Every line from the first one in the data below through the line holding "1971 war hero" is to be written out exactly, with the pictures omitted.

DATA SEGMENT ::
####

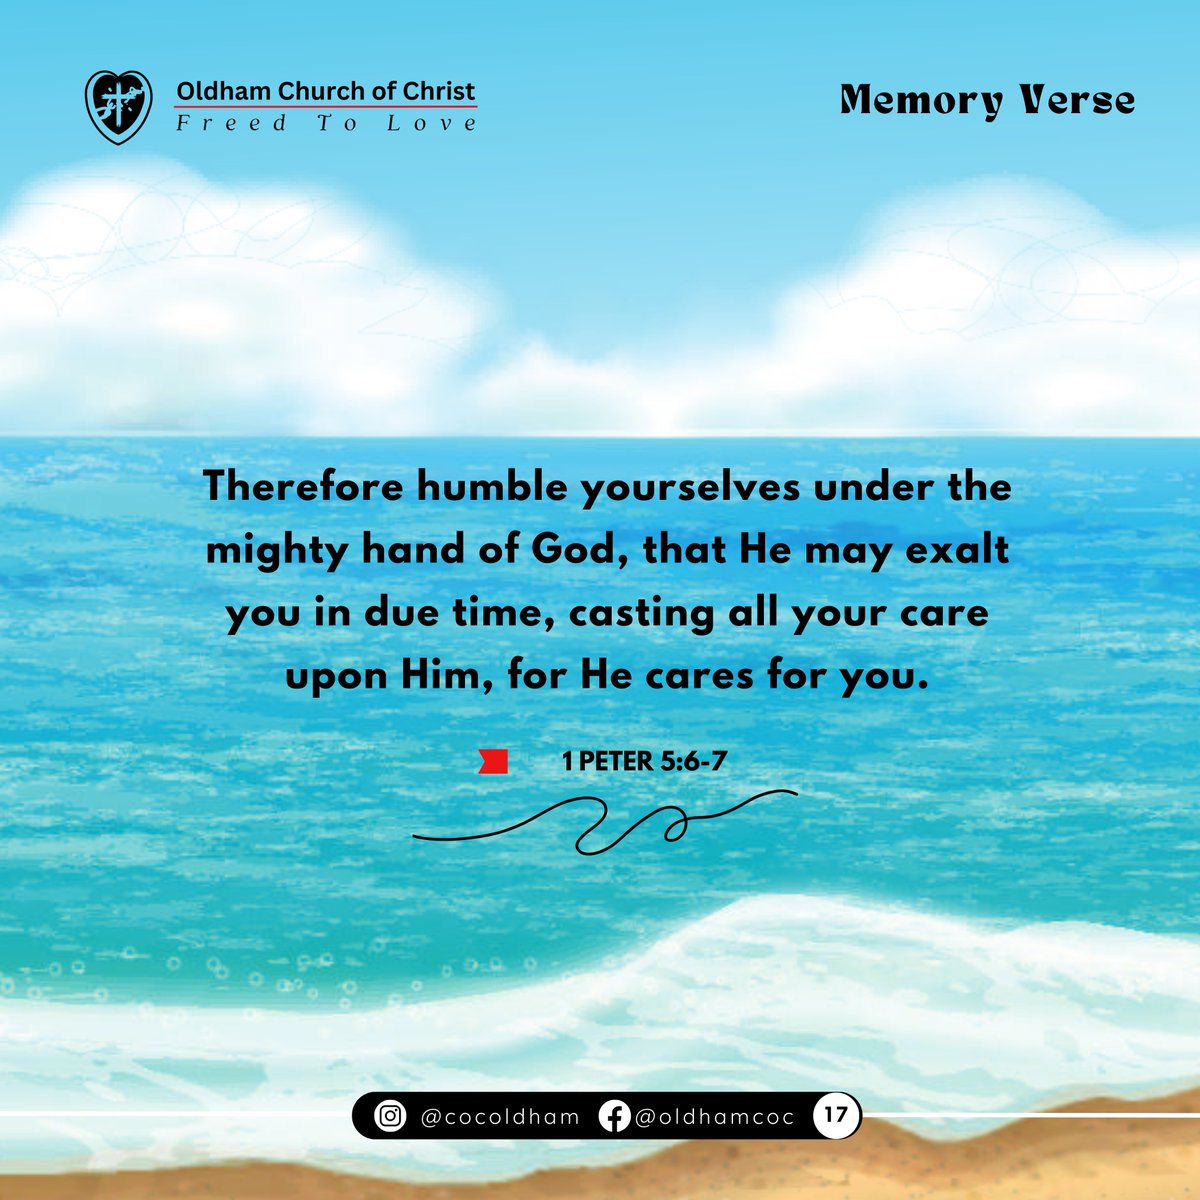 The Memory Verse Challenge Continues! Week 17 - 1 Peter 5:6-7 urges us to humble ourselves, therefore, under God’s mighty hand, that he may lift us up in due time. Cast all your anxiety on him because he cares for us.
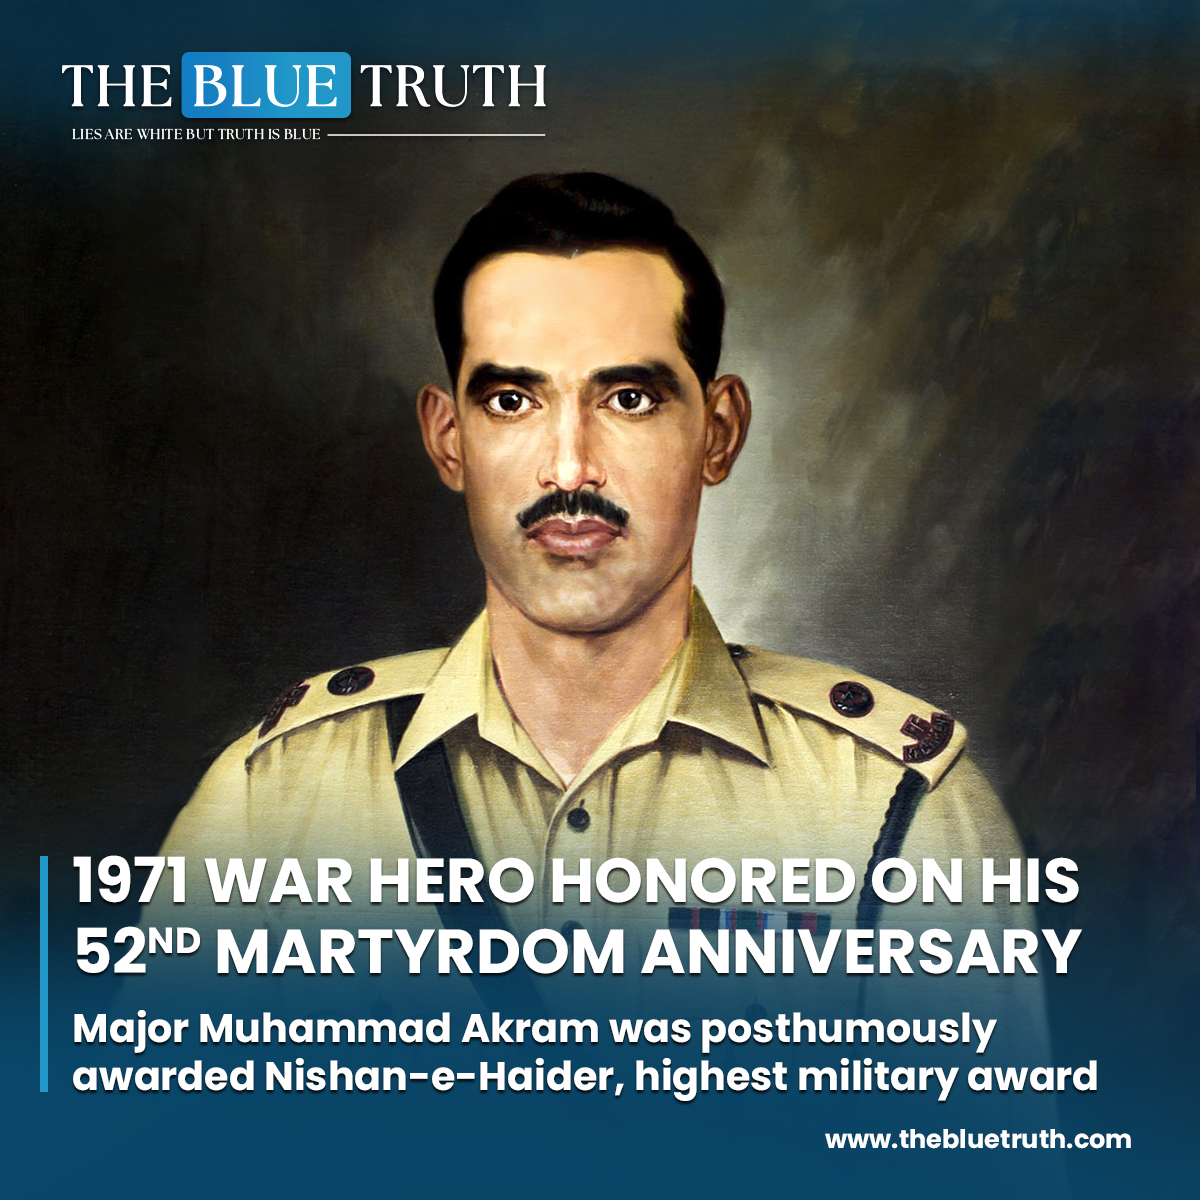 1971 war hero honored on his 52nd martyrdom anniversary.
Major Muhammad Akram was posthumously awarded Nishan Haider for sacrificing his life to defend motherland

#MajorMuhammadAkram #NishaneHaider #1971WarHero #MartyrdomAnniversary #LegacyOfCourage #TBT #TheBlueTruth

####

WORKED SOLUTION ::
 The Memory Verse Challenge Continues! Week 17 - 1 Peter 5:6-7 urges us to humble ourselves, therefore, under God’s mighty hand, that he may lift us up in due time. Cast all your anxiety on him because he cares for us.
 1971 war hero honored on his 52nd martyrdom anniversary.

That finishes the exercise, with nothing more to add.